Advertorial
Intisari-Online.com – Bagi pelancong yang mengendarai mobil sendiri, India mematok kesan yang mendalam. Lewat jalan-jalan di daerah pedesaan, kita akan menyaksikan perbauran nilai-nilai khas yang timbul dari suatu masyarakat yang sangat bersahaja.
Begitu mobil kami melintasi perbatasan Pakistan-India dan menuju New Delhi, kepadatan jalan sangat terasa. Jalan yang pantas untuk cuma 2 mobil berpapasan itu dijejali tidak saja oleh truk dan traktor, melainkan juga gerobak, becak, sepeda dan sapi!
Truk merangkak lambat. Kita maklum, sebab pada bak belakangnya tercantum "speed 40 km". Tulisan "horn please" (mohon klakson) tertera di bak belakangnya.
Selagi akan menyalip truk maka jangan dongkol bila terlebih dahulu kita harus mentalu-talukan bunyi klakson secara bersambungan, sebelum dia meminggir untuk memberi jalan.
Jika kita menguntit gerobak yang ditarik sapi atau kerbau, setelah mengklaksonnya, jangan kira dia akan otomatis meminggir ke sebelah kiri dan kita langsung bisa menyalibnya dari sebelah kanan.
Baca juga: Hanya di India, Gara-gara Petir, Pernikahan Batal, Perkelahian Massal pun Pecah
la bisa meminggir ke kiri maupun ke kanan. Jadi sebelum menyalib lihat dulu "anginnya" ke kiri atau ke kanan. Jika sudah jelas meminggir ke mana, barulah menyalibnya. Repotnya kalau menabrak sapi maka bisa-bisa kena keroyokan penduduk.
Berhubung banyaknya sapi yang berkeliaran di jalan, sudah tentu kemungkinan tidak sengaja menabraknya cukup besar. Ah... tak mujur, kamipun sempat berurusan dengan sapi.
Menjelang kota Kanpur, tiba-tiba seekor sapi nyelonong dari iringan truk yang berlawanan dengan kami dan seketika sudah berada di hadapan kami. Tak terhindarkan lagi, bumper depan membentur pantat sang sapi. Dia terlempar ke samping dan terduduk lemas.
Kontan kami menggenjot mobil dengan kecepatan penuh. Takut penduduk turun tangan. Ketika seperempat jam kemudian kami berhenti yakni setelah merasa aman, ternyata "grill" dan kap mesin dari Mazda 323 kami sudah penyok. Ya, kenang-kenangan dari binatang yang dianggap suci itu.
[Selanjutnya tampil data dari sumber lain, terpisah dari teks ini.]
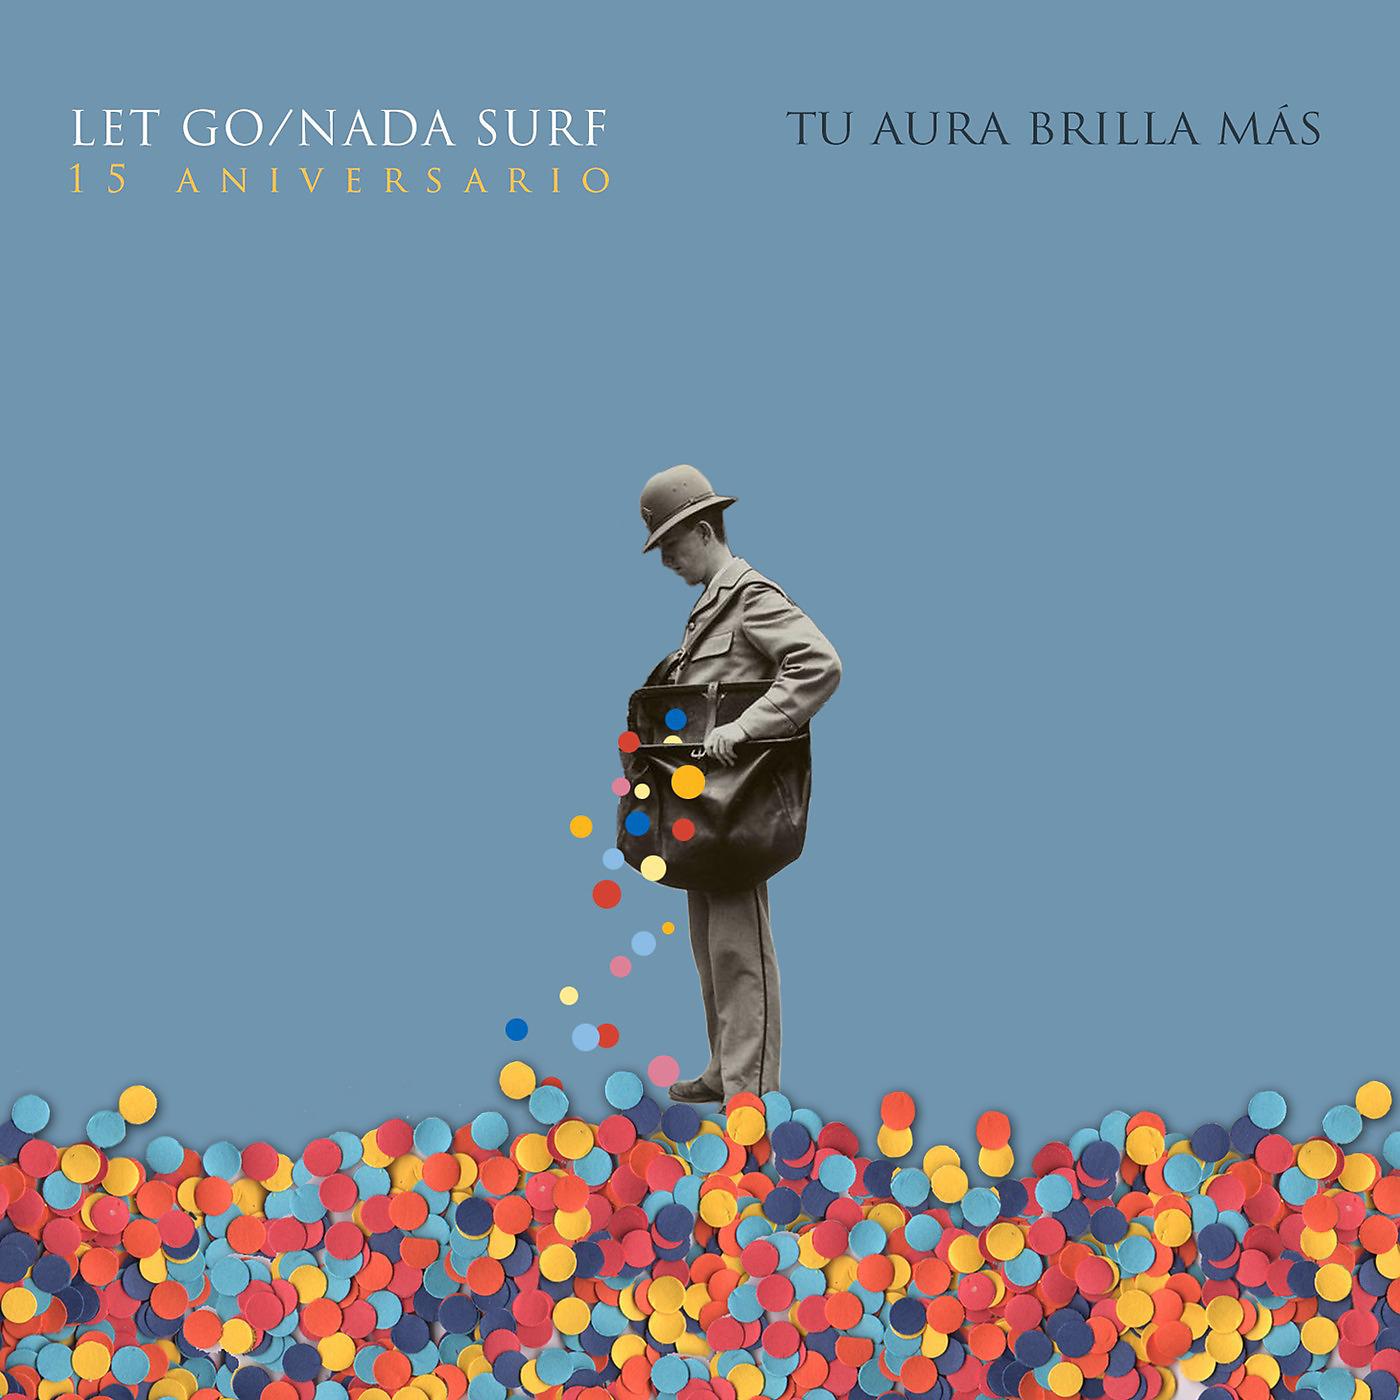 Постер альбома Tu Aura Brilla Más: Let Go/Nada Surf, 15 Aniversario

Ketika mobil kami meluncur di daerah pedesaan di negara bagian Bihar, tampak seorang lelaki tua berjalan tanpa secarik kainpun melekati tubuhnya. Di depan itu ada 4 orang pria bugil lagi jalan beriringan.
Demikian pula dalam 5 Km berikutnya, kami menjumpai tidak kurang 10 pria bugil.
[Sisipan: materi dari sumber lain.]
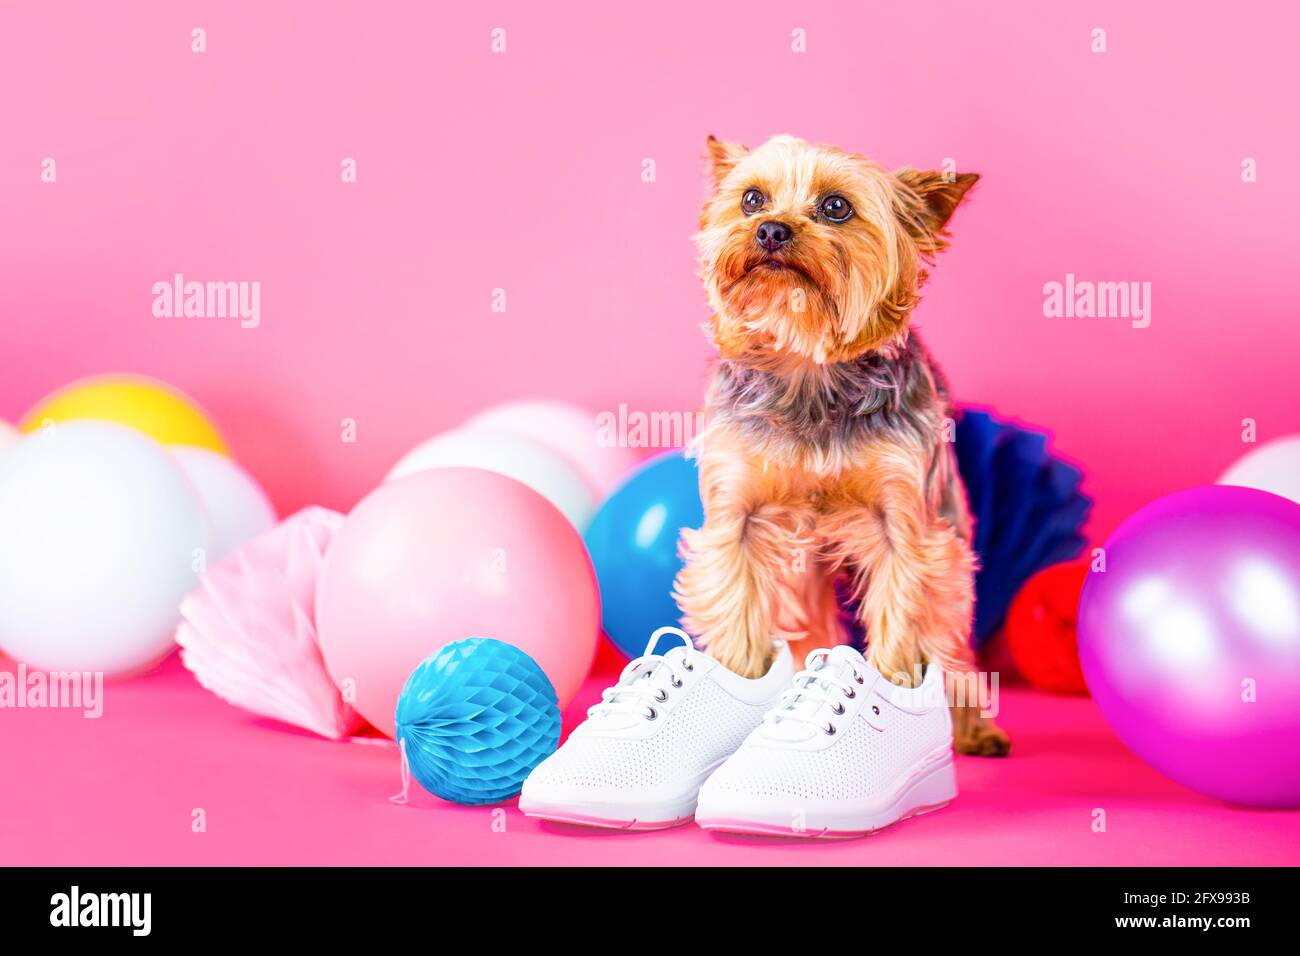 Hundeschuhe. Yorkshire Terrier im Schuh. Netter Hund in Kleidung und  Schuhen Stockfotografie - Alamy

Semuanya serupa. Masingmasing menenteng kendi air yang terbuat dari tanah liat dan menggenggam sebuah kipas yang entah terbikin dari apa.
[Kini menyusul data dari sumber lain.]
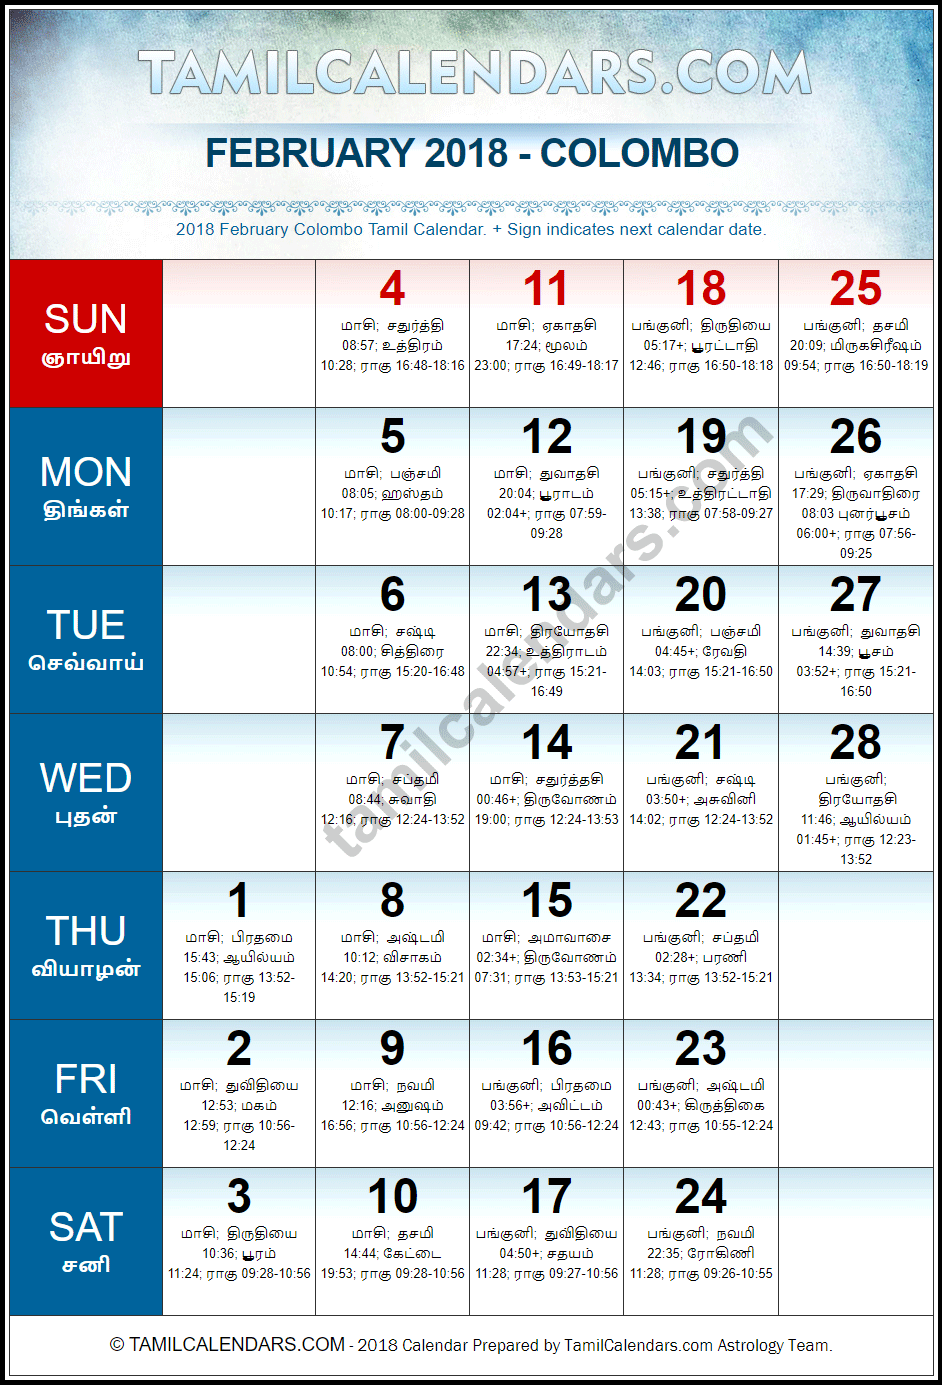 February 2018 Tamil Calendar for Sri Lanka (Colombo)

Di belakangnya mengiringi seorang atau dua orang wanita yang berpakaian serba putih dan membawa kipas bersama cerek air yang terbuat dari logam.
Lain lagi kejadian di pedalaman dekat kota Indore, negara bagian Madhya Pradesh. Di tepi jalan nongkrong 3 ekor gajah dan segerombolan orang yang berpakaian aneh dengan muka tercoreng berbagai garis berwarna.
Tanpa pikir panjang kami memberhentikan mobil. Baru hendak mematikan mesin mobil, muncul beberapa orang yang berteriak sembari mengacungkan golok. Buru-buru, kami tancap gas.
Sesungguhnya kejadian-kejadian ini menggambarkan betapa masih kokohnya sistim sosial membentengi rambatan pembangunan di India. Hanya saja, bagi pelancong yang ganjil itu justru menyenangkan.
Meskipun itu suatu ironi! (Ditulis oleh Erlangga Ibrahim – Intisari Juli 1979)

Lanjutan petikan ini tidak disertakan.